Assume a grey-scale 2D image which can mathematically be described as a matrix. Generalizing the concept of a matrix results in theory about tensors (informally you can think of a multidimensional array). I.e. a RGB 2D image is represented as a tensor of size [width, height, 3]. Further a RGB 3D Image is represented as a tensor of size [width, height, depth, 3]. Moreover and like in the case of matrices you can also perform tensor-tensor multiplications.
For instance consider the typical neural network with 2D images as input. Such a network does basically nothing else than matrix-matrix multiplications (despite of the elementwise non-linear operations at nodes). In the same way a neural network operates on tensors by performing tensor-tensor multiplications.
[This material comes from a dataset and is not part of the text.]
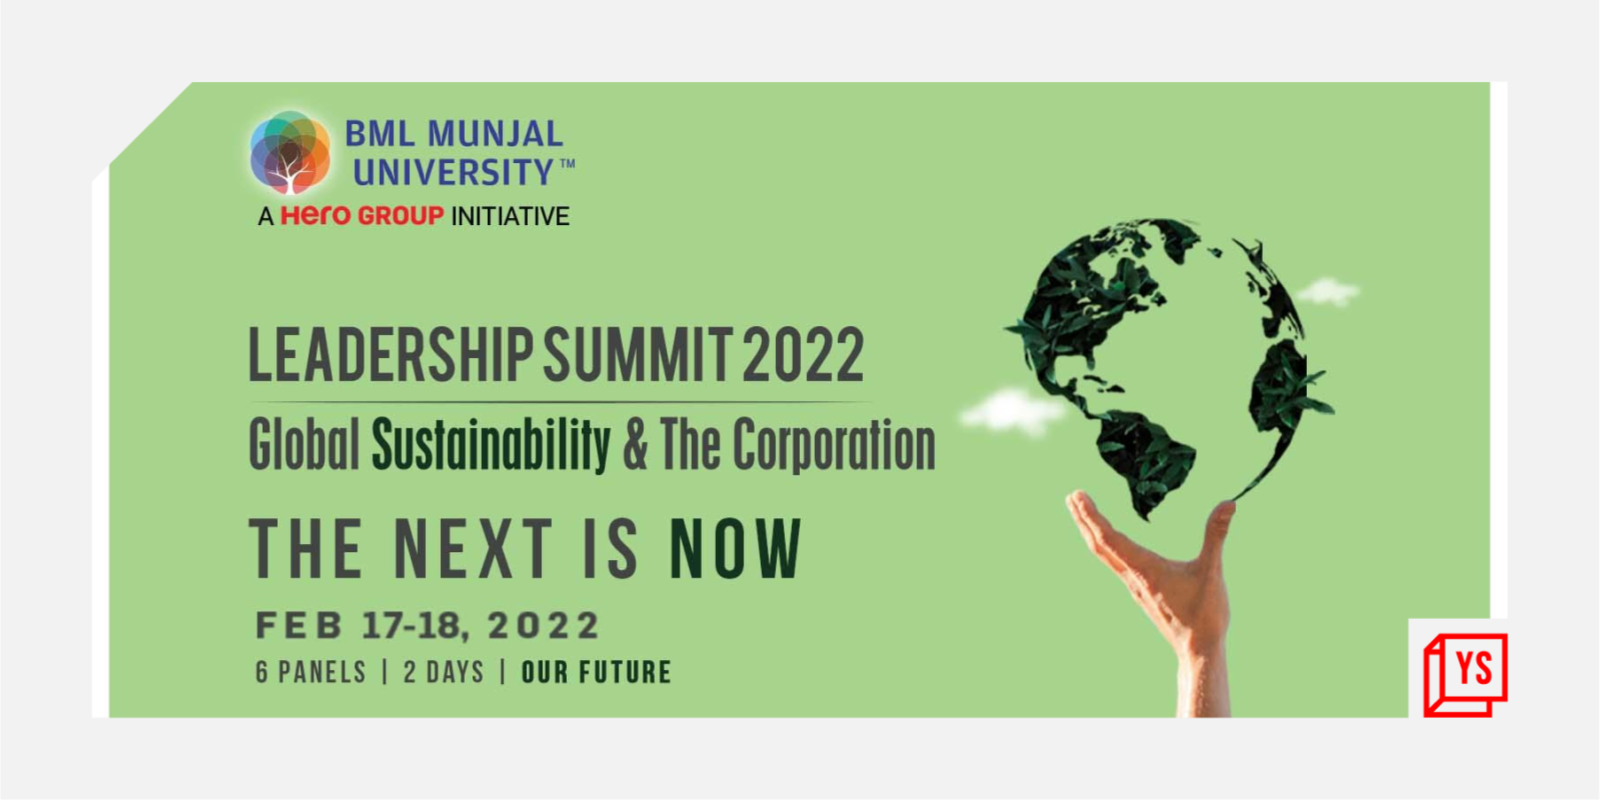 BML Munjal University Leadership Summit 2022: How India’s enterprises hold the key to achieving its climate target

Now back to your question of feature extraction: Indeed the problem of tensors are their high dimensionality. Hence modern research problems regard the efficient decomposition of tensors retaining the initial (most meaningful) information. In order to extract features from tensors a tensor decomposition approach might be a good start in order to reduce the rank of the tensor. A few papers on tensors in machine learning are:
Tensor Decompositions for Learning Latent Variable Models
Supervised Learning With Quantum-Inspired Tensor Networks
Optimal Feature Extraction and Classification of Tensors via Matrix Product State Decomposition
Hope this helps, even though the math behind is not easy.